Mungkin aku hanya bisa mengacau.
"Adine!" Seru Pak Arden melihatku melamun tidak tenang, "Kamu jangan menyalahkan dirimu sendiri oke? Kamu tidak salah."
Aku mengangguk pelan, tak lama aku menyadari bahwa Pak Arden sudah memunguti barang-barangku yang ada di lantai. Kemudian menuntunku keluar, tanpa menghiraukan kekacauan yang ada di dalam. Seandainya aku mengetahui semua ini, dan tidak ada Pak Arden disisiku apakah aku bisa langsung pergi dengan punggung tegak begini? Yang pasti aku mungkin tidak akan sanggup sejak awal untuk memberitahukan kebenaran ini.

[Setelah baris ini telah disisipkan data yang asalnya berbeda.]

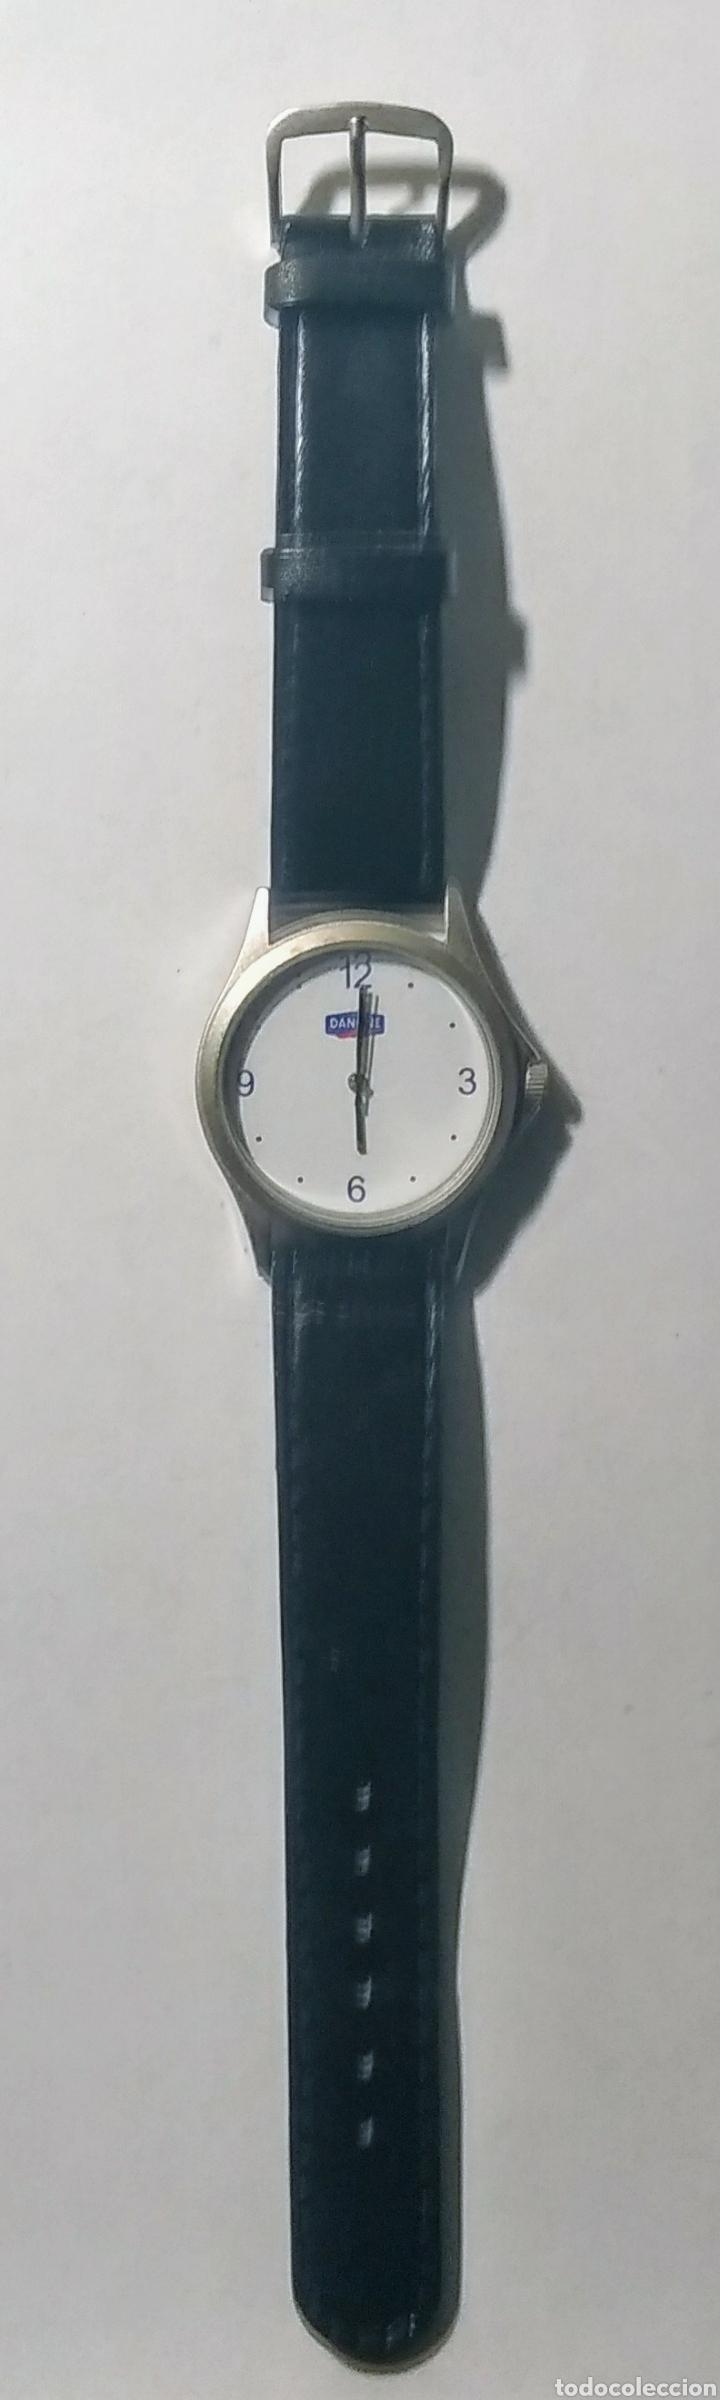 Relojes: Reloj de pulsera. Marca Danone. 1996 - Foto 2 - 186243338

Aku, aku yakin aku tidak salah. Coba saja bayangkan ada seorang pria tak bertanggung jawab yang mau menikahimu untuk anak yang nantinya akan dikorbankan?
Oke, mungkin dikorbankan adalah bahasa yang terlalu berlebihan. Namun tidak ada yang mungkin mau melakukan hal sebodoh itu, kan? Terjebak dalam perangkap pria bejat yang penuh kebohongan. Baik dari sisi mana pun, perbuatan Raden salah dan tidak sebaiknya dilanjutkan.
Aku tidak salah. Aku melakukan kebenaran.
Tapi kenapa mataku rasanya panas? Aku tidak boleh menangis di hadapan orang lain. Aku tidak boleh terlihat lemah. Bagaimana jika Pak Arden berpikir aku terlalu lemah untuk belajar ke Inggris? Padahal saat wawancara aku begitu percaya diri bahwa aku adalah pribadi yang kuat, aku tidak boleh menangisi hal yang sederhana seperti ini.
"Tidak masalah, kalau kamu mau nangis ya menangis saja." Ucap Pak Arden seolah-olah bisa membaca pikiranku.
Aku menggeleng pelan, "Enggak, saya enggak... mau nangis...."
Ia membantuku duduk ke dalam mobil, kemudian menutup pintu dengan pelan. Ia berjalan menuju tempat duduknya, kemudian meraih selembar tissue dari tempat tissue yang letaknya sedikit tersembunyi.
"Saya memang tidak punya sapu tangan yang romantis seperti tokoh novel, tapi setidaknya kalau kamu menangis, saya akan ada untuk kamu lebih dari tokoh mana pun." Begitu kata Pak Arden, yang aku sambut dengan sedikit senyuman geli namun tak lama segera hancur dengan air mataku yang menggelinang tak bisa aku kontrol.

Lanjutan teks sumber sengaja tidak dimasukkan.